The 2017 Rosés Are Coming

Rosé season is coming up gang!

7981_content_roseActually, there really isn’t a “rosé season” per se; that’s just something we created in our collective minds. As if we can’t drink anything pink unless it’s spring or summer and the sun is shining. Nonsense! You probably drink white wine in the winter, right?! And many white wines are refreshing, just like rosé, and can be even lighter on the palate.

What is indisputable is that the new crop of rosés from the 2017 vintage are being released as we speak. Lots of pictures of pretty pink and peachy juice can be seen on Instagram, wobbling down the bottling line. It seems that anyone who has a wine label these days, considers it an obligation to make rosé.

rosebottling
2017 Long Meadow Ranch Anderson Valley Rosé of Pinot Noir coming down the bottling line.
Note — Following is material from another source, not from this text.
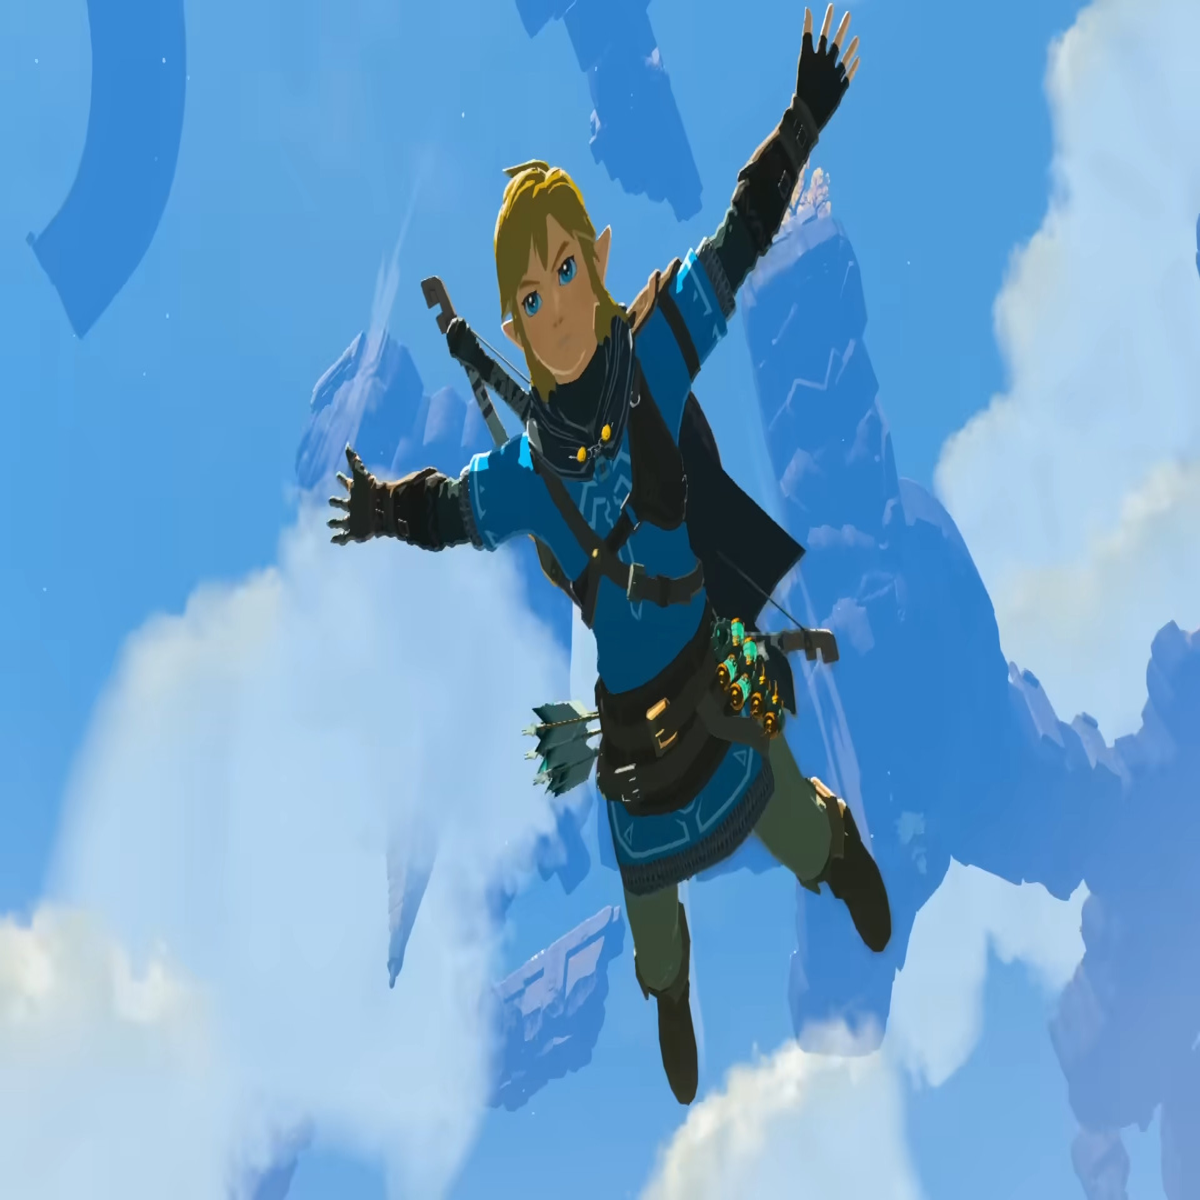 metacritic on X: Legend of Zelda: Breath of the Wild

Now that there is a veritable plethora of rosé options on your local wine retailer’s shelf, how in the world are you supposed to you decide? Besides the obvious strategies of buying by price and label (you know who you are), here are some things to consider:

DRY OR SWEET. Are you looking for a dry rosé or a sweet rosé? Generally speaking, most quality rosés on the market today are dry. If you think you are looking for a sweet rosé, do you really mean sweet, or do you just mean “fruity”?  If you want something sweet as cotton candy, then ask for that.  If you want something with lots of tropical fruit, talk about it that way. If you favor floral, citrus and mineral characteristics, use those words. This will help get what you want.
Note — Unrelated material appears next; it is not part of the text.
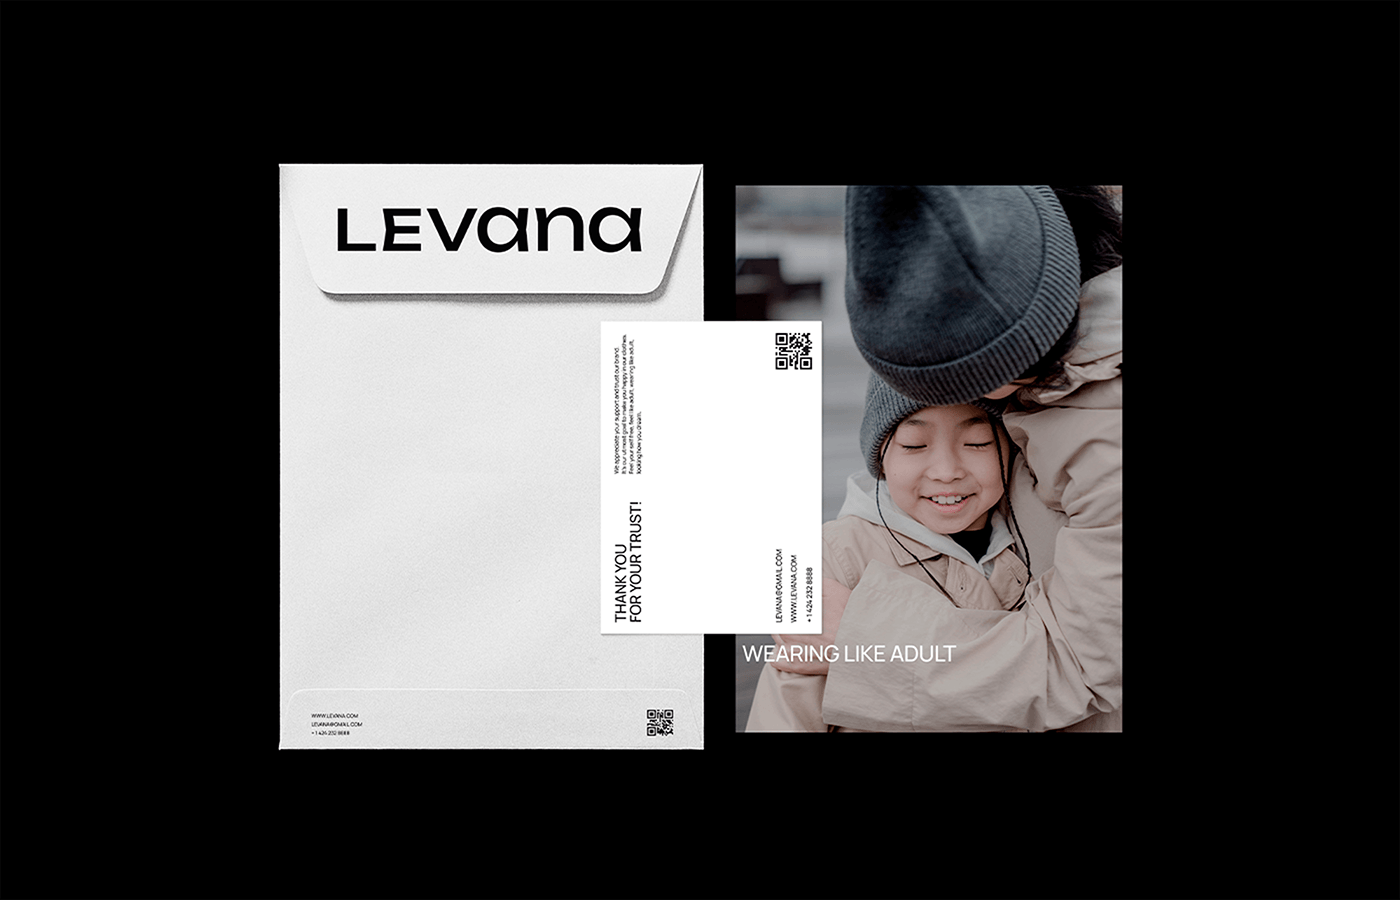 Branding for kids wear brand Levana

THE COLOR OF ROSÉ.  It’s tempting to choose a rosé based on color, but don’t put too much emphasis on that. Darker rosés somehow give the impression that they are sweeter (Hey Kool-Aid!), which is not necessarily the case.  More intensely colored rosés do, however, generally have more body because the juice of the grapes spends more time mingling with the skins.  (The skin of the grape is what gives a wine color; in all but a very few cases, the pulp inside the grape is clear.) Grape variety can effect color as well. You would expect a rosé made from Cabernet Sauvignon to be darker than a rosé made from Pinot Noir, because the skin of the Cabernet grape is darker. A good start is to think about a red wine grape that you like, and try a rosé made from that grape.

METHOD TO THE MADNESS.  If you want to get a little advanced, ask about how the rosé was made.  In the Direct Press method, grapes are gently pressed until skins from the grapes turn the juice a pinkish color. When the desired color is attained, the juice is transferred to a tank to rest. Direct Press rosés commonly highlight floral characteristics and are delicate and aromatic. In the Saignée method, rosé is produced during the process of making red wine.  At a very early stage in the red winemaking process (2 hours to a full day), some of the juice, which is starting to develop color, is bled off to make rosé. The remaining juice and grape skins will continue on to make red wine. These rosés tend to be less aromatic, rounder, and fruitier in flavor. Some rosés use a combination of the two methods.

DOES AGE MATTER? Rosé wines can age. Let’s just get that out of the way so the wine geeks don’t cry foul on me. There are rosés from the Bandol region of France that age well, Spanish Rioja rosés that age well, and certainly rosé Champagnes that stand the test of time. Most rosés you’ll find in your local store, however, are going to be from the previous year’s vintage (2017), or one year older (2016).  Many of the rosé wines that are built to last will cost you more than $25. The vast majority of rosés under $25 are made to be drunk young and fresh, within a year or two of the vintage date.

Whether you are looking for a wine to sip by the pool, quaff on the porch, enjoy with a plate of salumi and olives, or pair with a more serious meal, there is a rosé out there for you. Cheers!